>>>>

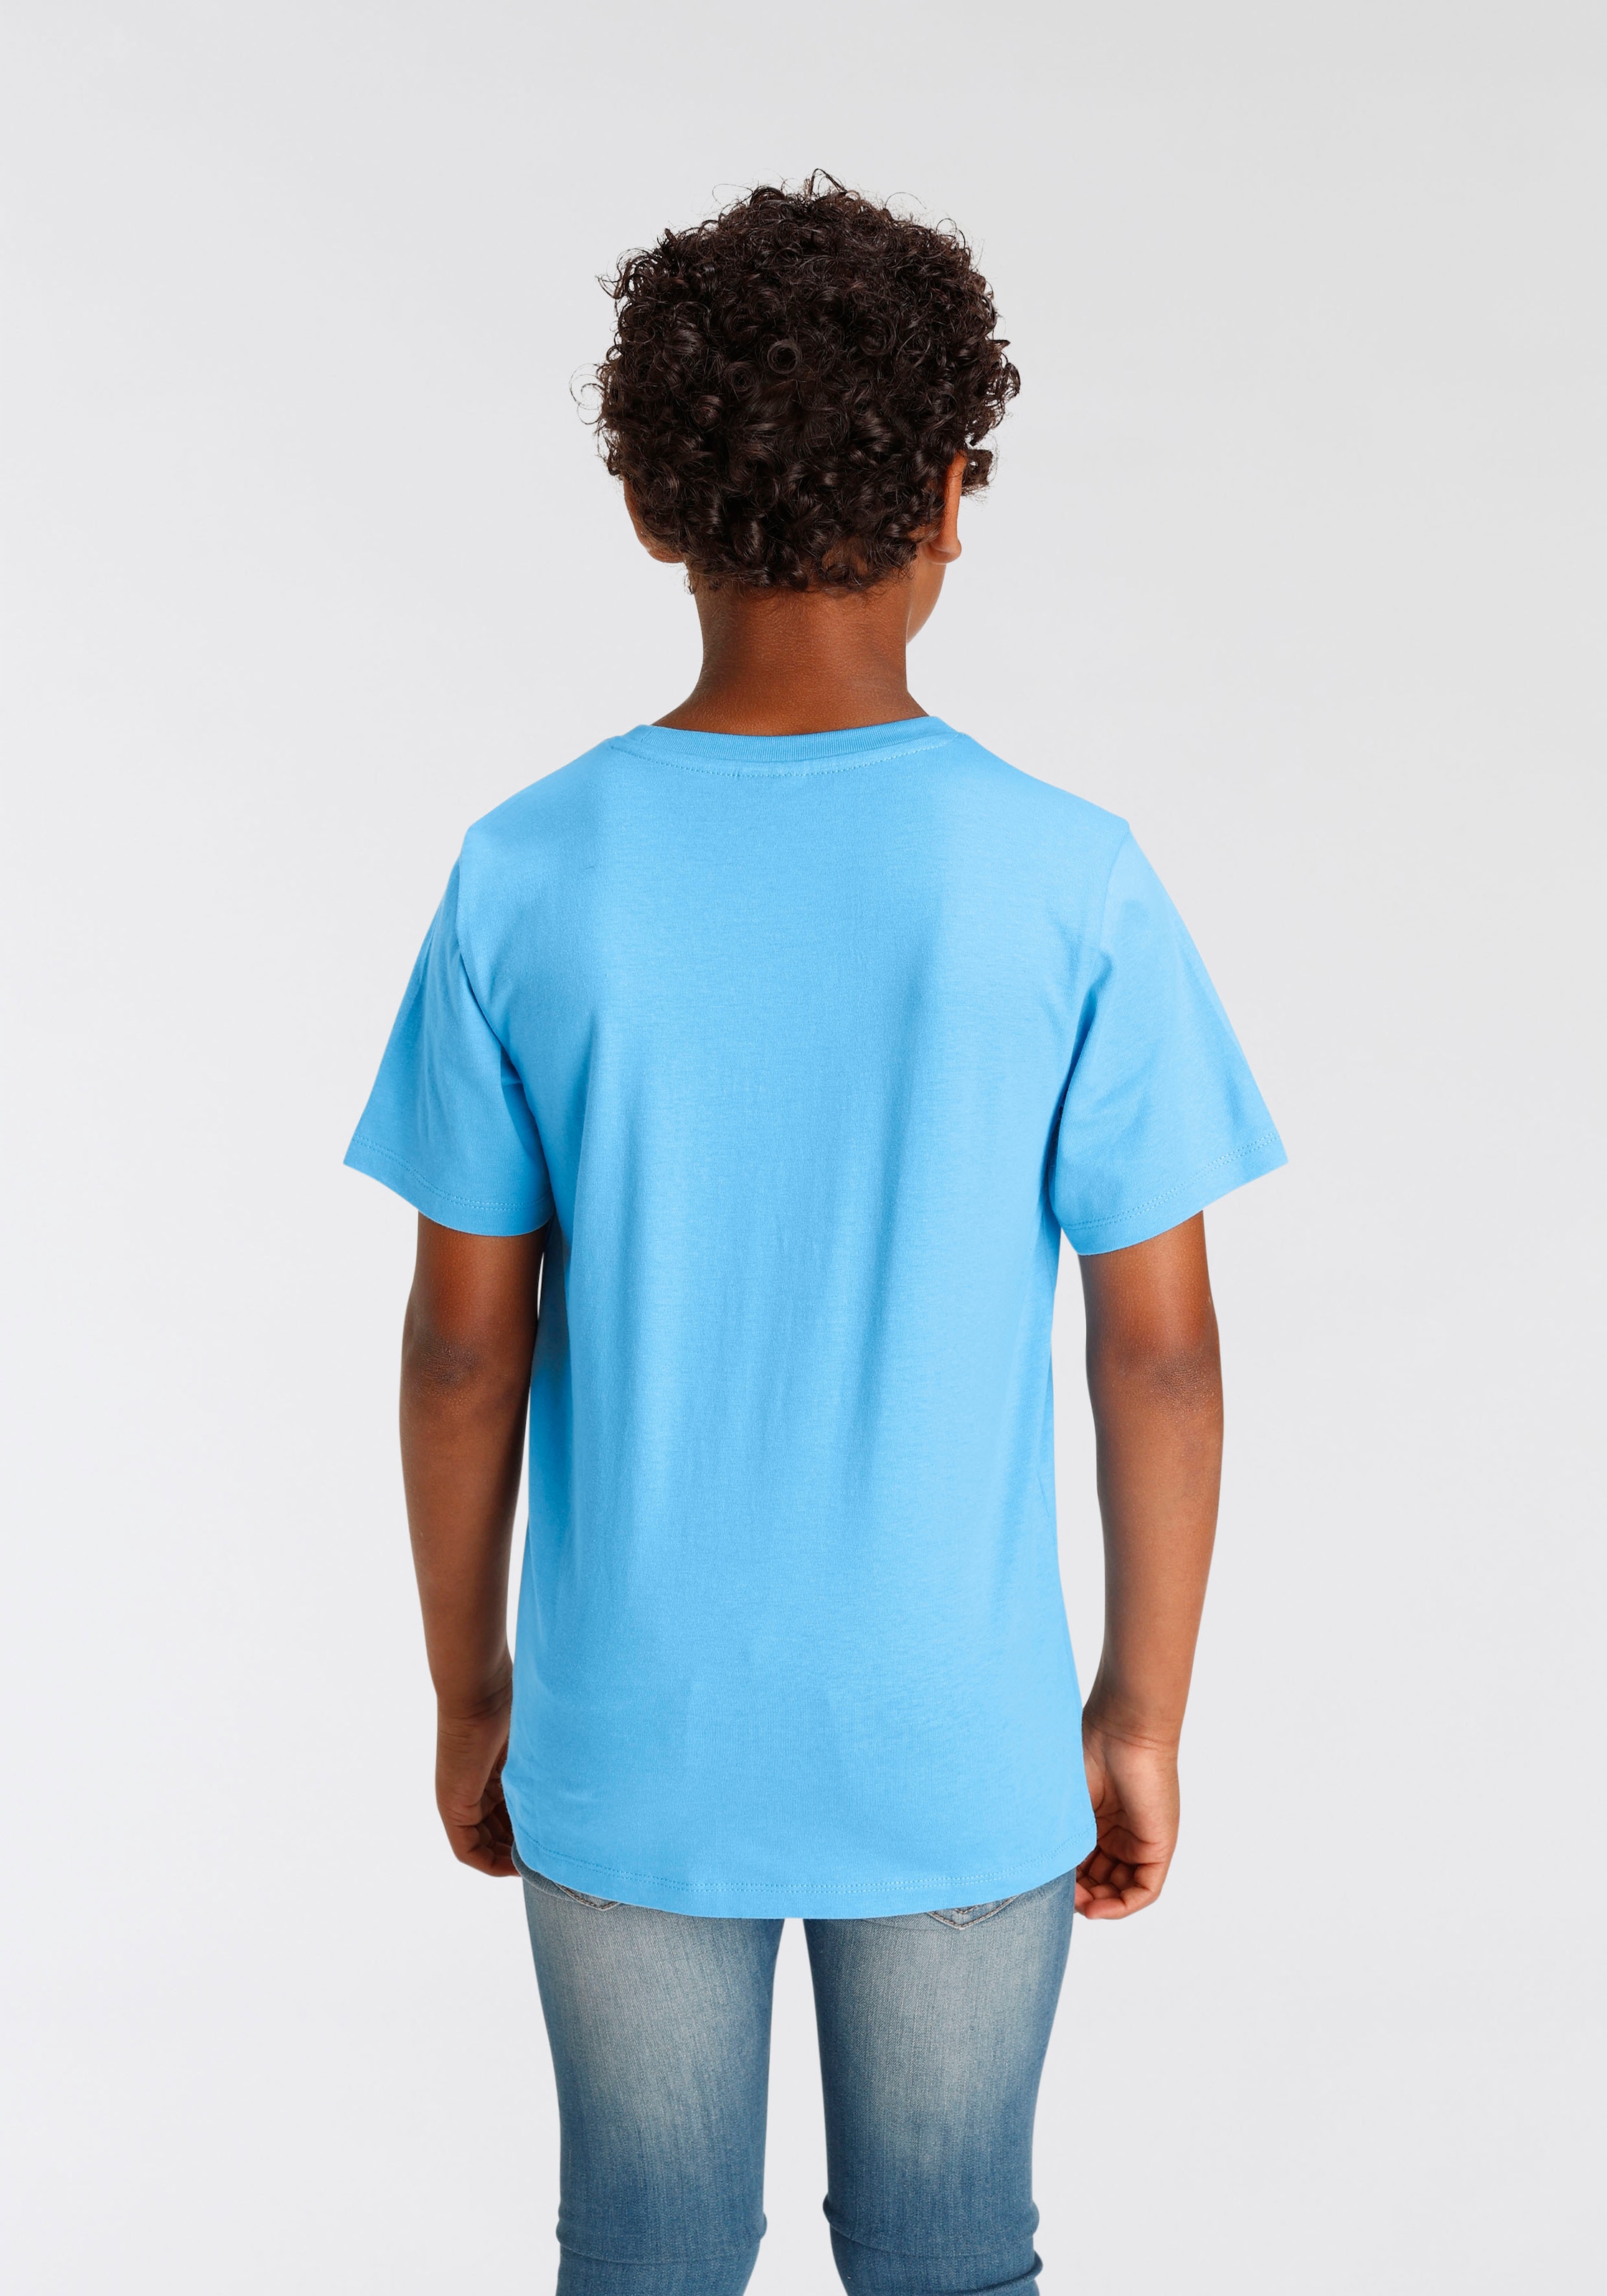 »EPIC KIDSWORLD T-Shirt | Folienprint kaufen online GAMING«, BAUR
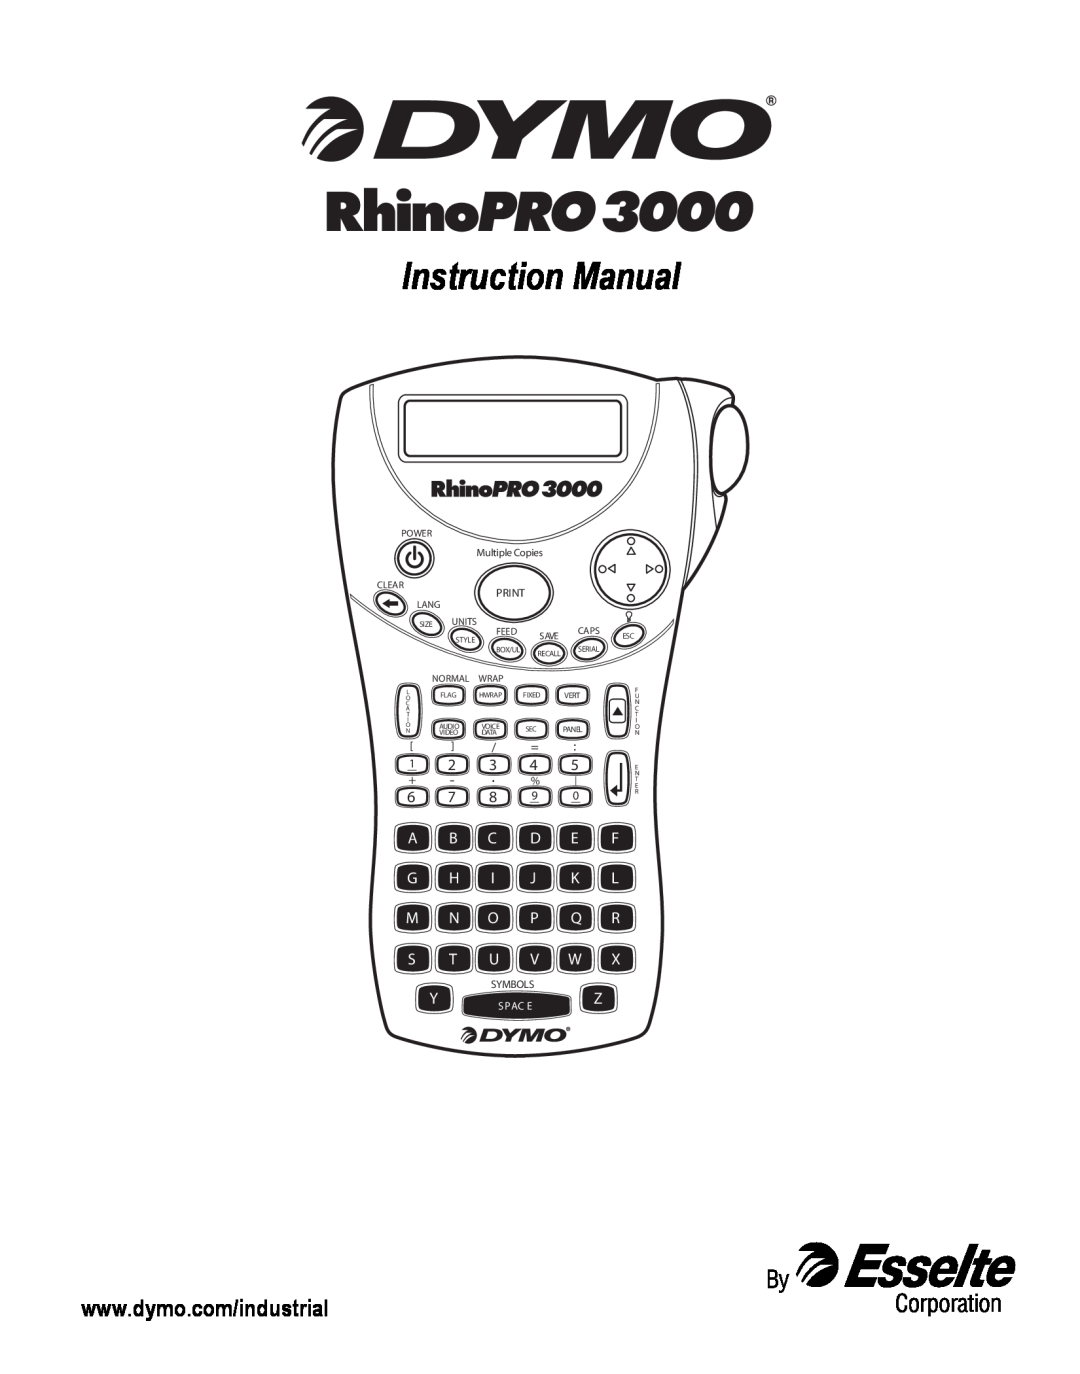 Dymo 3000, 5000, 6000 manual Telephone, Nationwide, E-mail, Internet, info@tonercable.com, Rhino Printer Selection Guide 
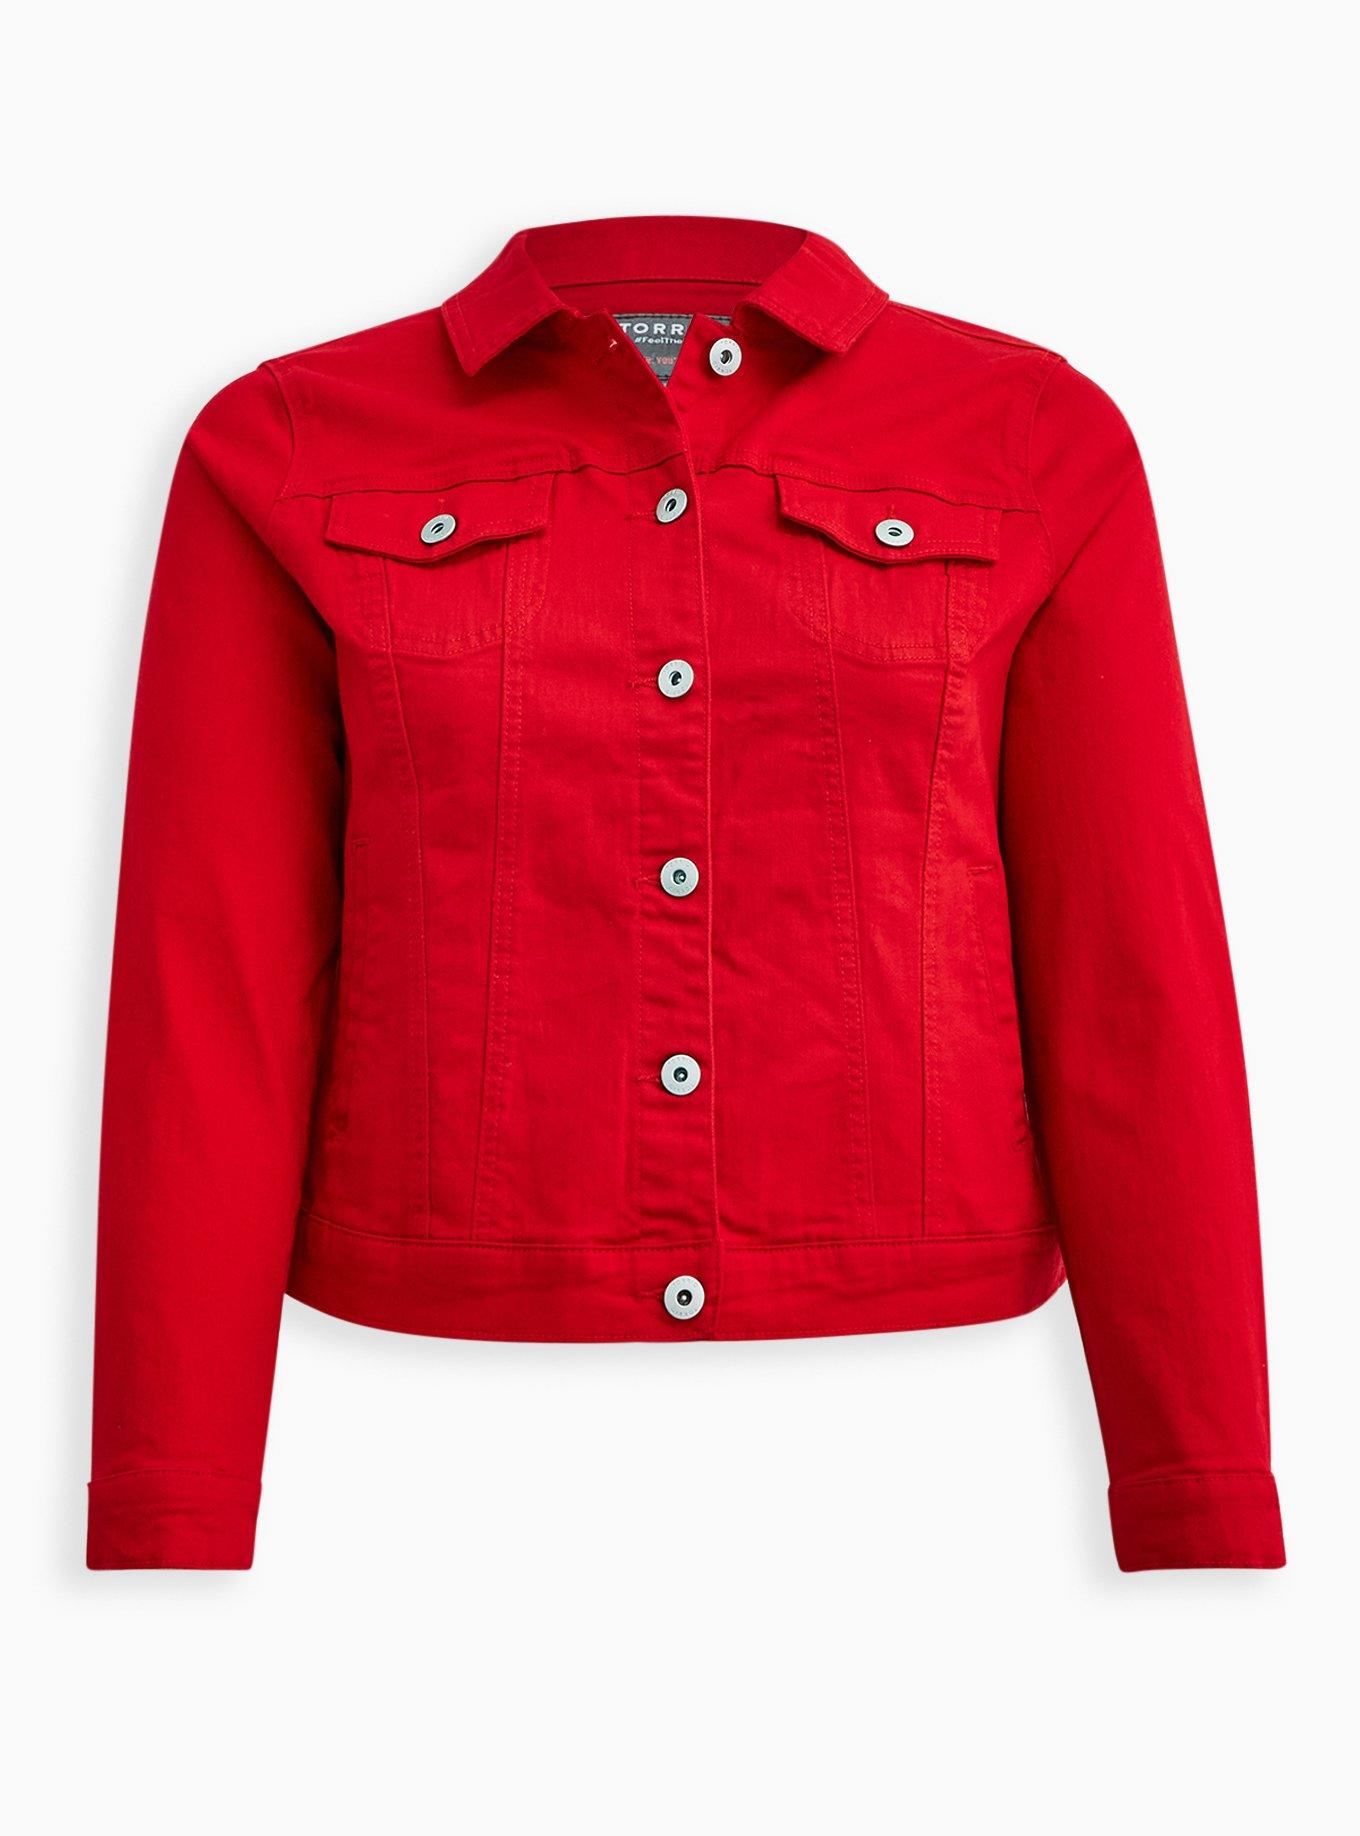 Plus Size - Ruby Red Denim Trucker Jacket - Torrid

<<<<

• Exercise: No picture belongs in the copy; return the rest of the listing exactly.

• Response to the task:
 »EPIC KIDSWORLD T-Shirt | Folienprint kaufen online GAMING«, BAUR
 Dymo 3000, 5000, 6000 manual Telephone, Nationwide, E-mail, Internet, info@tonercable.com, Rhino Printer Selection Guide 
 Plus Size - Ruby Red Denim Trucker Jacket - Torrid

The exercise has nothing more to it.